(Source : La Revue des Cèdres)
Philosophe et historien versé dans l’interdisciplinarité, Marcel Gauchet livre une pensée complexe, encore en cours d’élaboration. Il s’intéresse au monde moderne dans le but de rendre compte de la spécificité des sociétés contemporaines relativement à celles qui les ont précédées.
Pour comprendre la modernité, M. Gauchet l’oppose aux sociétés dites primitives, qui ne présentent pas la division politique propre aux Etats modernes. Il met ainsi en évidence la fonction politique de la religion et la manière dont, au cours du temps, celle-ci a perdu son rôle d’élément structurant l’organisation des sociétés, que ce soit du point de vue mental, social ou matériel.
Pour M. Gauchet, les sociétés modernes occidentales, devenues expressément politiques, c’est-à-dire marquées par la division entre l’instance qui exerce le pouvoir et le corps social, sont « sorties de la religion », ce qui n’est pas synonyme de laïcisation ou de sécularisation. Cette notion de « sortie » désigne à la fois le processus et son aboutissement, qui vont de pair avec une importance croissante accordée à la fonction subjective de la religion.

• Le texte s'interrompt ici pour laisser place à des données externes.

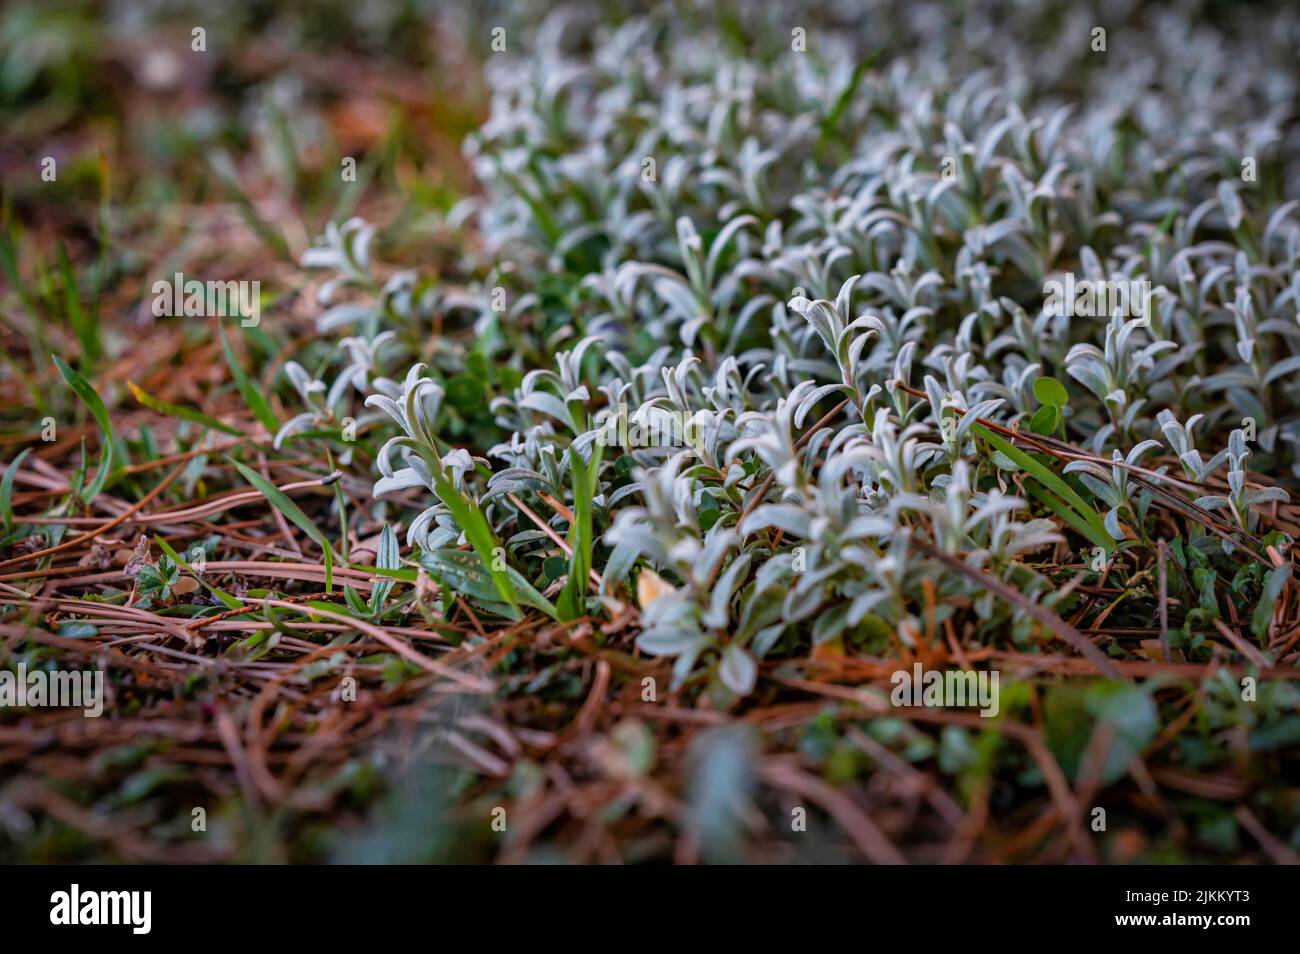 A close-up of growing on the ground, herbaceous plants under sunlight Stock Photo

Désormais confinée à la sphère privée, la religion, dans son expression contemporaine, se caractérise par l’accent mis sur les sentiments, les expériences personnelles et les croyances susceptibles de conférer un sens aux existences individuelles. Ainsi, toute une « religiosité qui s’ignore » se manifesterait en Occident sous les formes les plus diverses d’expériences profanes, de l’usage des stupéfiants à l’ascèse sportive en passant par l’émotion esthétique.